DDoS attacks getting bigger, stronger and longer
Number of attacks rose by a third year on year, with perpetrators becoming less concerned about detection, according to Prolexic
Distributed Denial of Service (DDoS) attacks got bigger, stronger and longer in Q2 and there were more of them, according to research by one of the market's key protagonists.
According to Prolexic Technologies' Quarterly Global DDoS Attack Report, the average packet-per-second (pps) rate and average bandwidth of DDoS attacks launched in the three months to June grew by 1,655 per cent and 925 per cent respectively.
As well as being more powerful, they also lasted longer – 38 hours on average compared with 17 hours in Q2 2012 – as attackers became less concerned about being detected.
The data was based on all the attacks mitigated by Prolexic, a Florida-based firm which claims to work with 10 of the world's largest banks and lists Didata, BT and Preventia among its channel partners.
The number of DDoS attacks rose by 33 per cent, with infrastructure-directed attacks (Layer 3 and 4) accounting for 75 per cent of the total and application-layer attacks (Layer 7) making up the remainder, Prolexic said. However, application-layer attacks are growing at a much faster rate – 79 per cent compared with 23 per cent for Layer 3-4.
SYN floods were the attack type of choice, accounting for nearly a third of the total.
"This quarter we logged increases for all major DDoS attack metrics, and some have been significant.
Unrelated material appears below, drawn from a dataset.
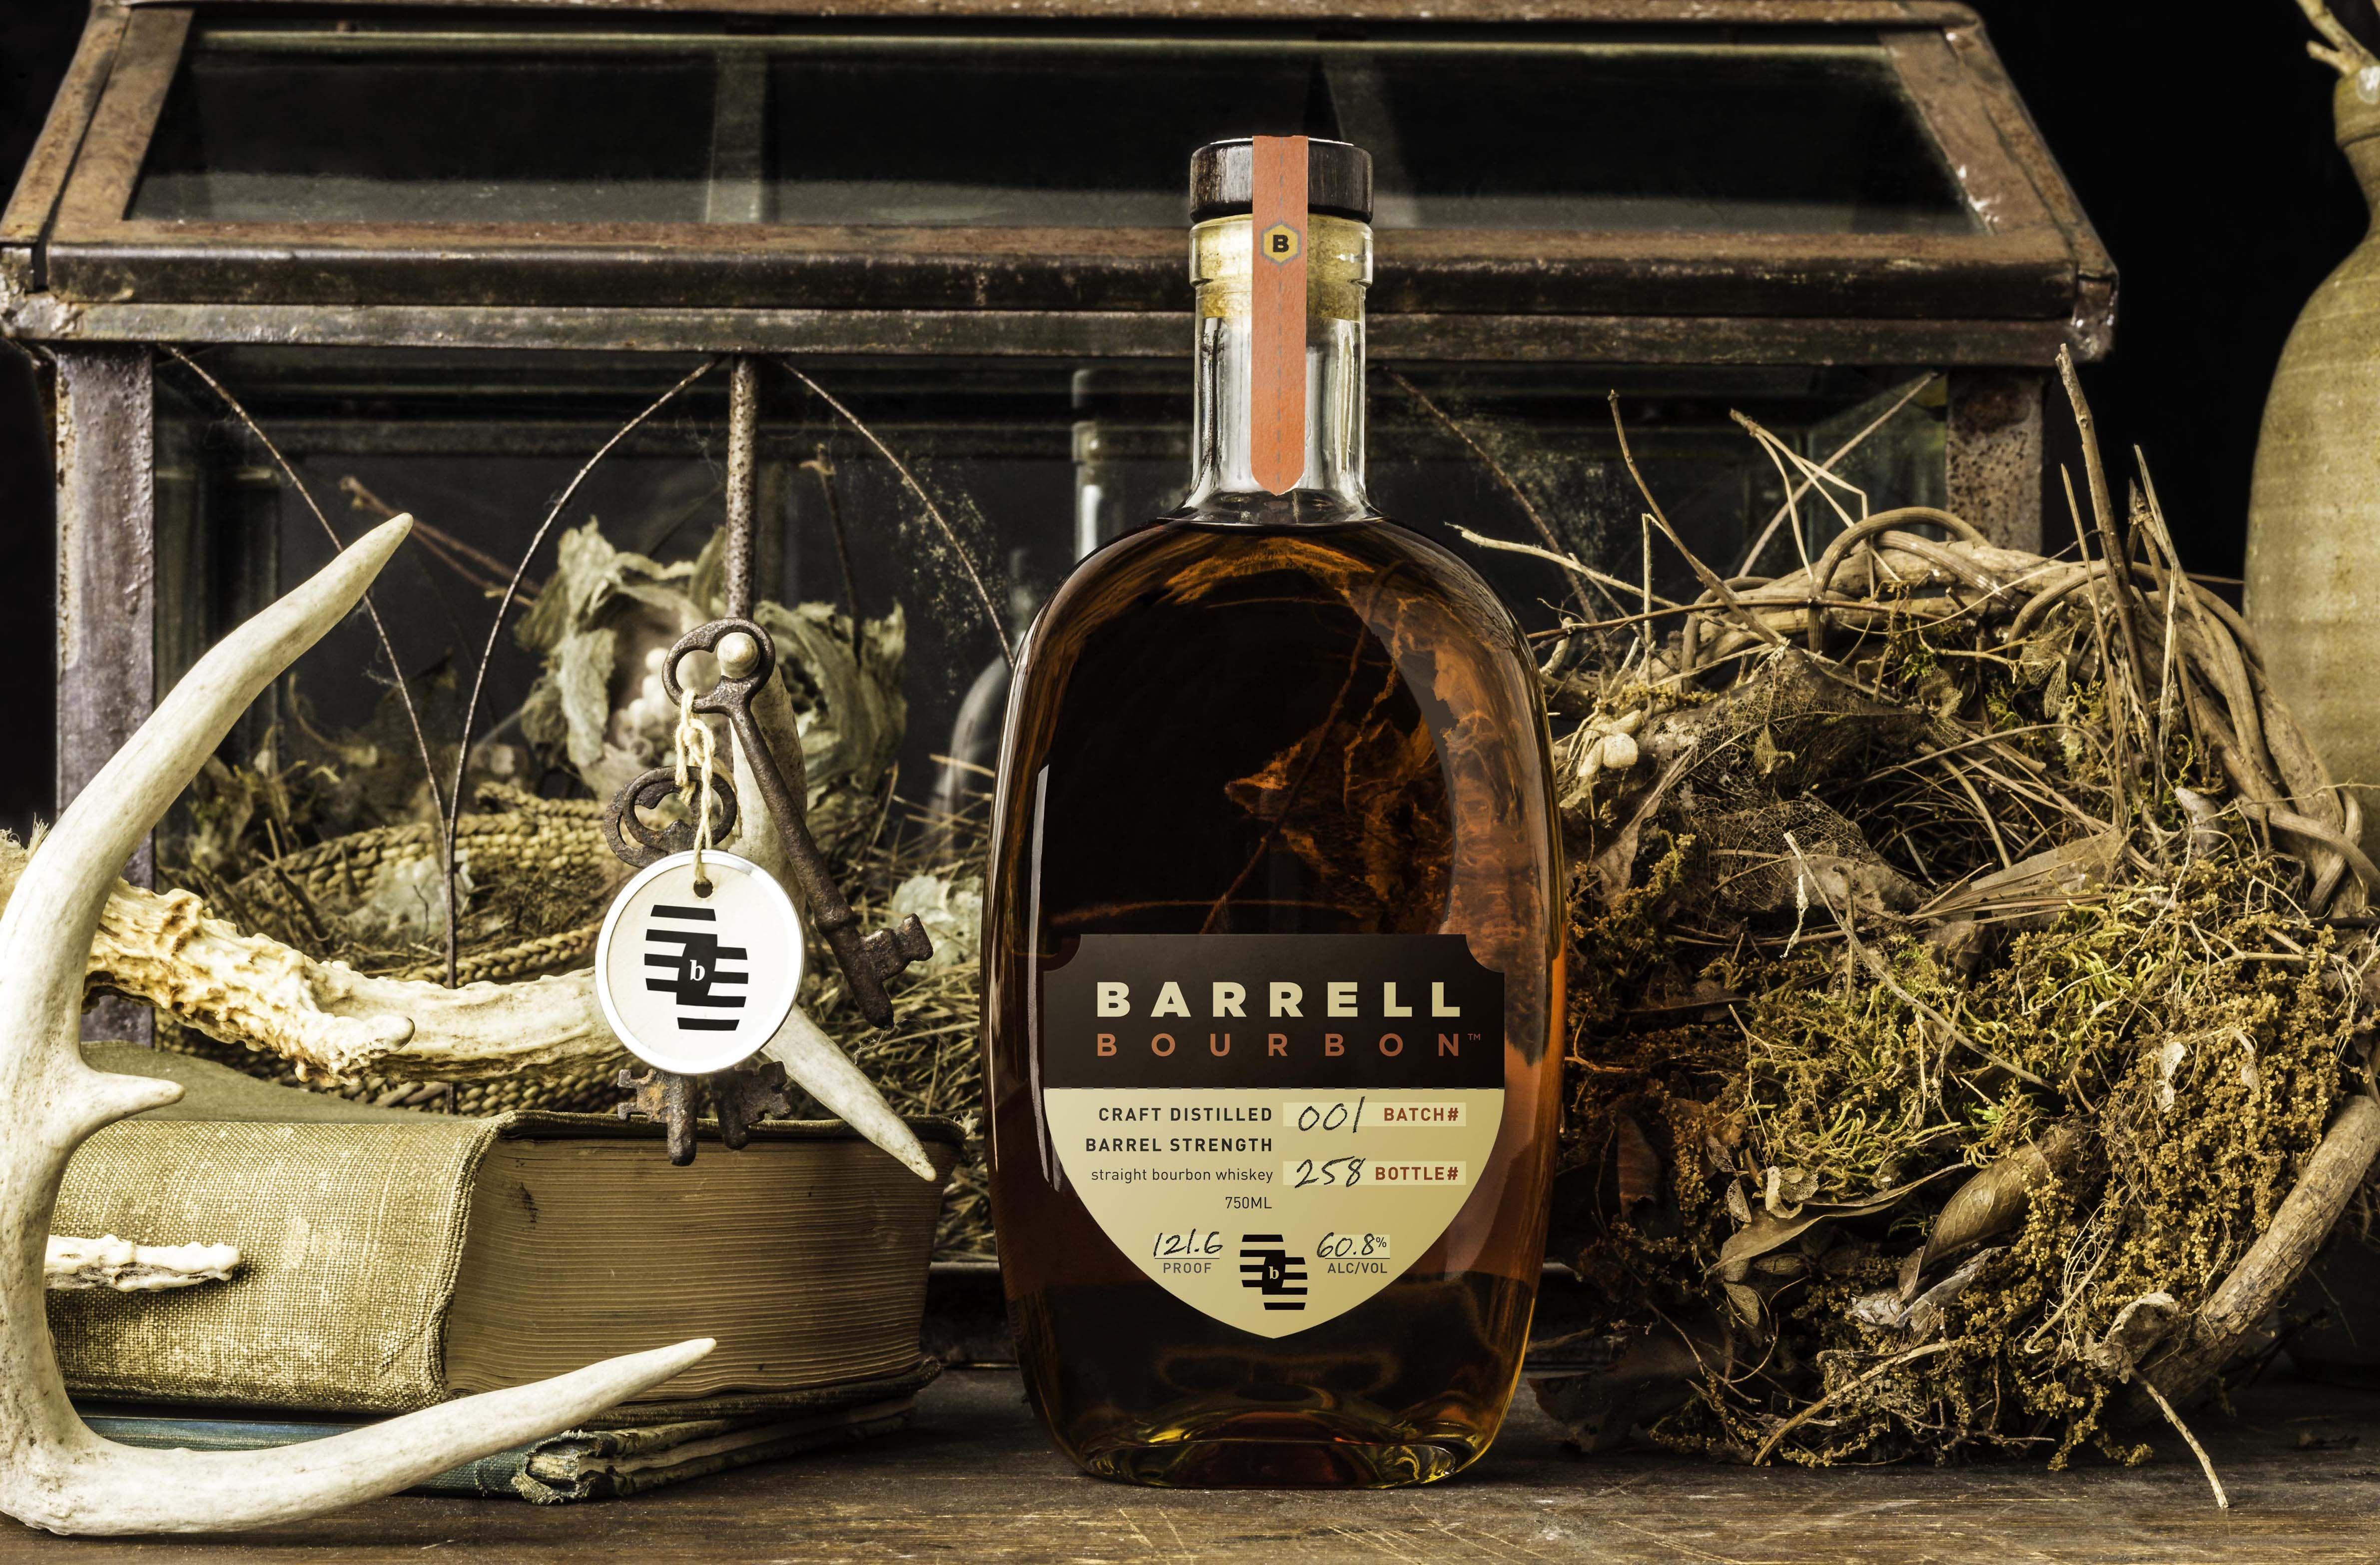 22+ Barrell craft spirits rum ideas in 2021

DDoS attacks are getting bigger, stronger and longer," said Stuart Scholly, president at Prolexic. "We believe this growth is being fuelled by the increasing prevalence of compromised Joomla and WordPress web servers in increasingly large botnets."
Scholly said attack durations are probably increasing because perpetrators are less concerned about detection and protecting their botnets.
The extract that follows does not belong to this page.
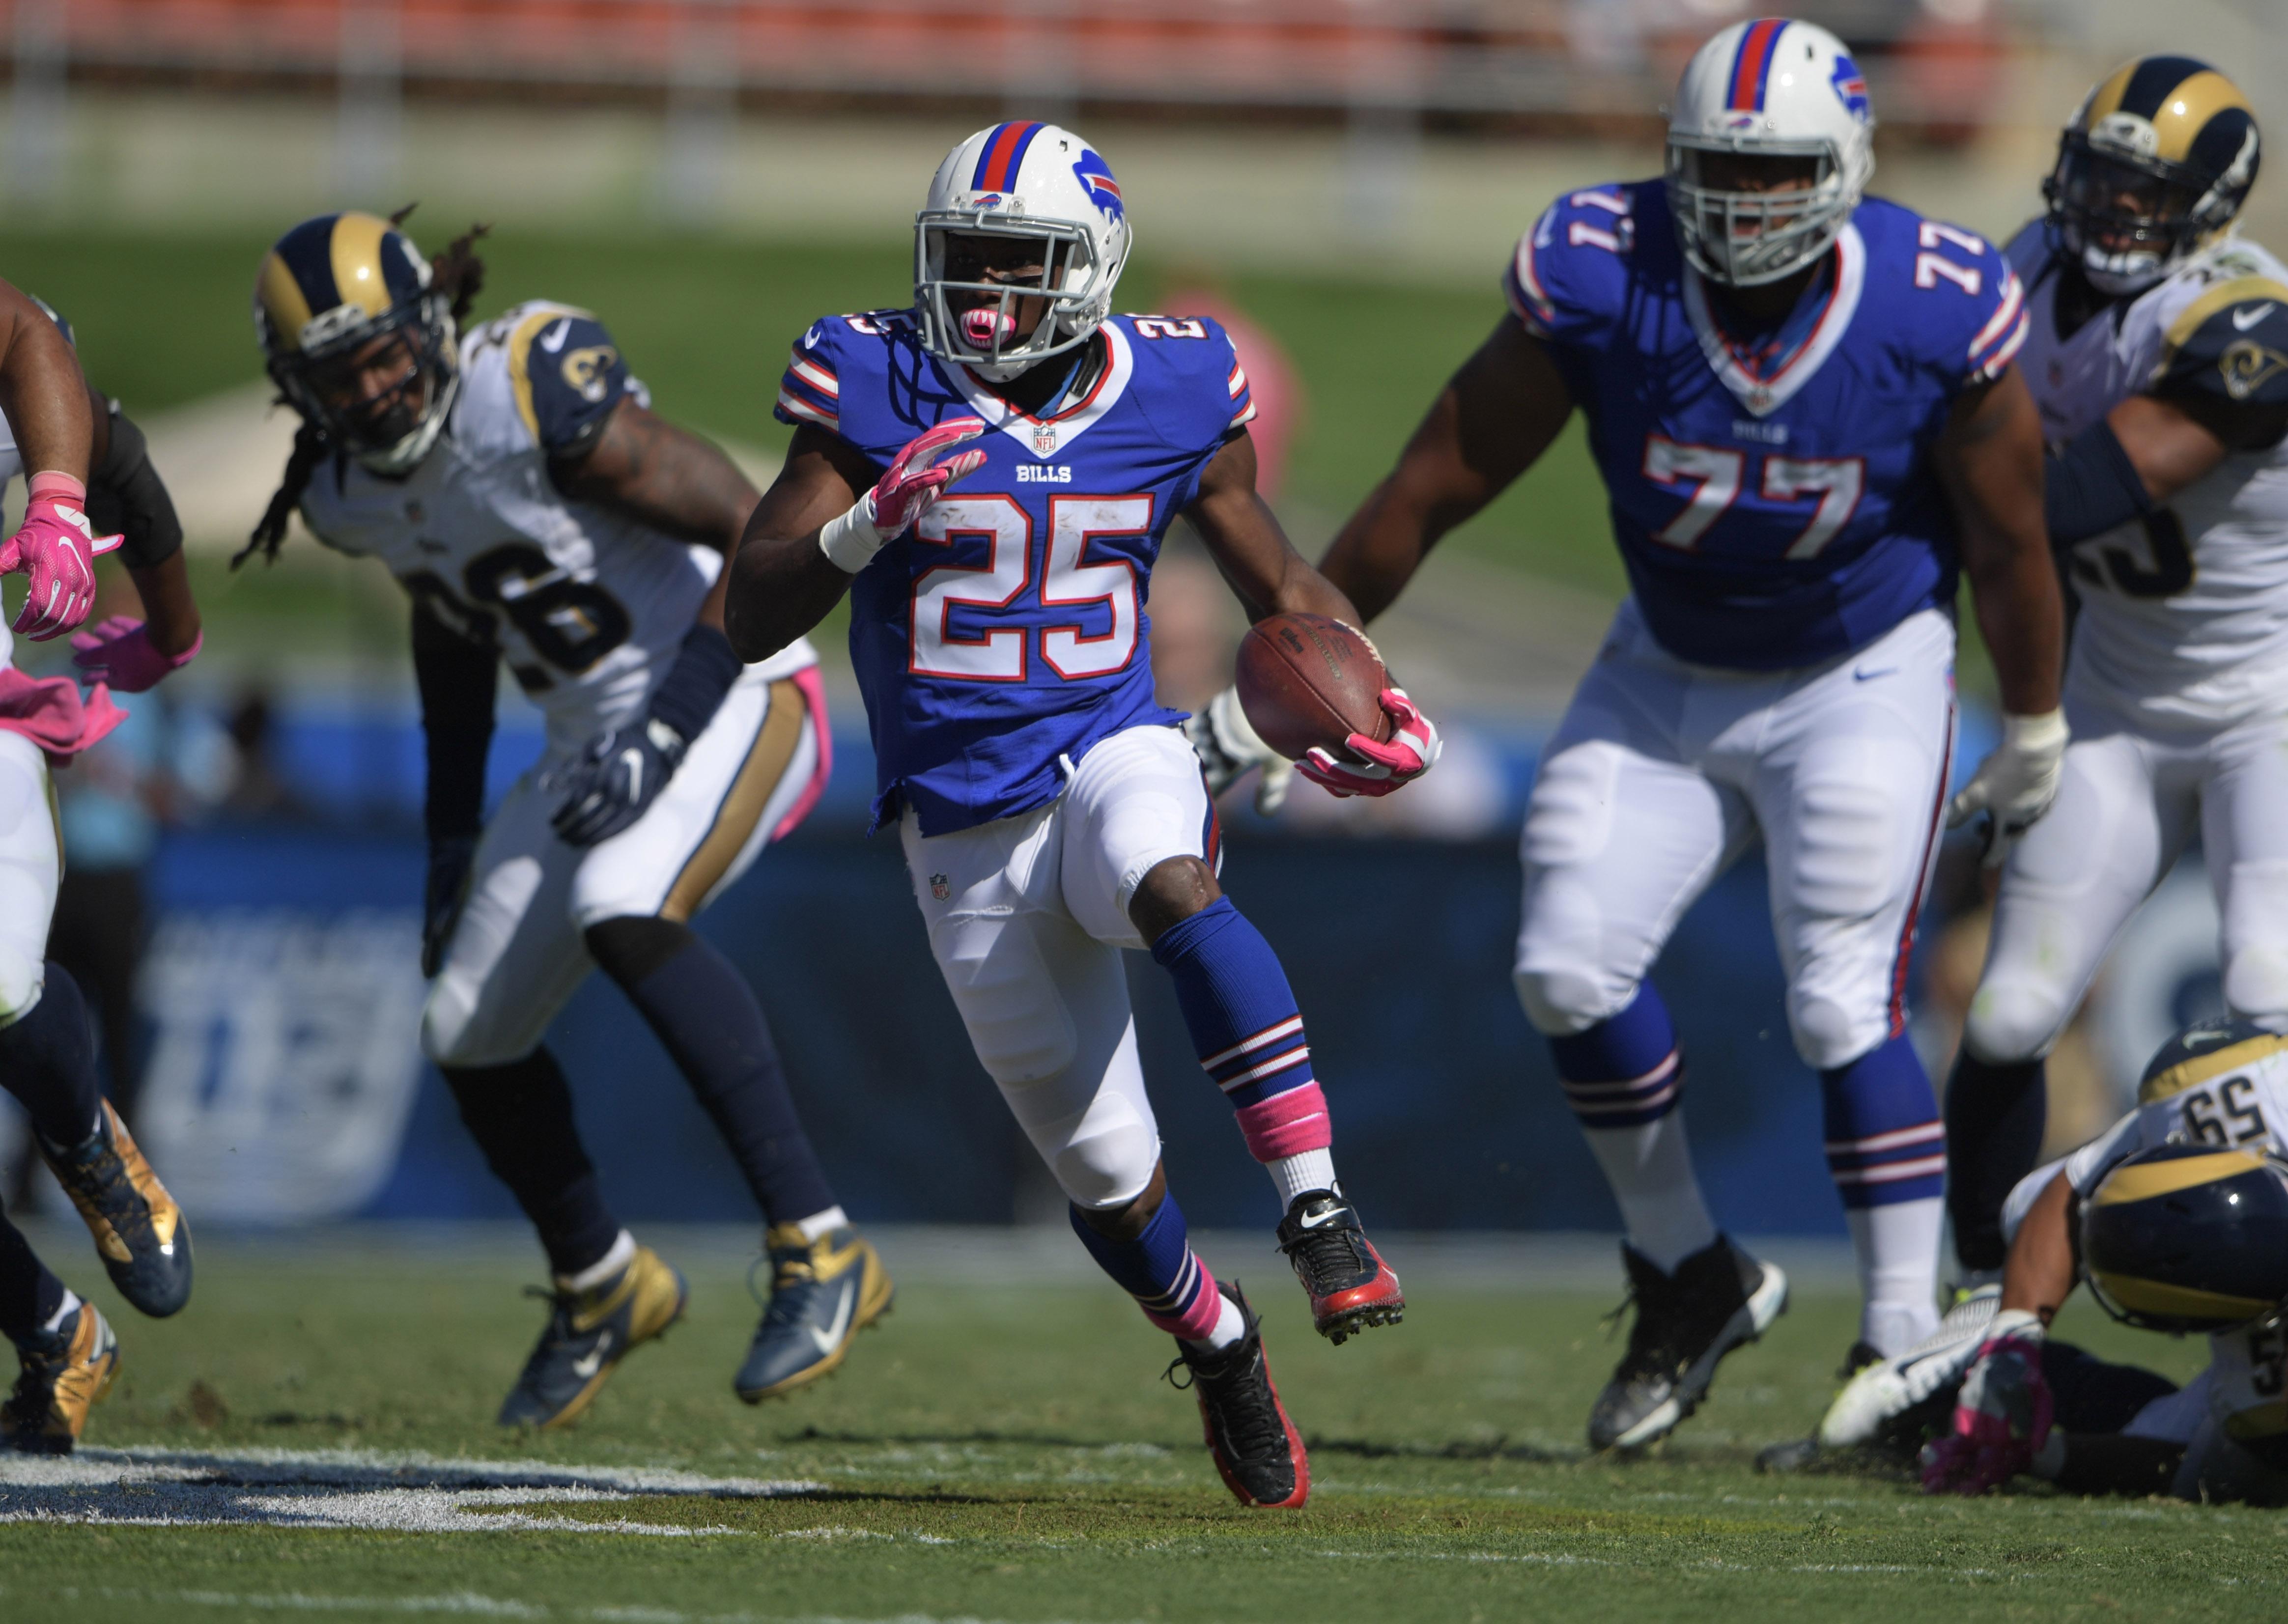 NFL: Buffalo Bills at Los Angeles Rams

"The widespread availability of compromised web servers makes it much easier for malicious actors to replenish, grow and redeploy botnets," he said.
DDoS mitigation is becoming big business for the channel, with IDC predicting the market will grow by 18.2 per cent annually between 2012 and 2017 to reach $870m (£570m).
The frequency, strength and duration of DDoS attacks also rose on a quarter-on-quarter basis, Prolexic said. Average bandwidth ticked up two per cent on Q1, while average pps volume rose 46 per cent sequentially. Average attack durations rose by 10 per cent quarter on quarter, while the number of attacks was up by 20 per cent.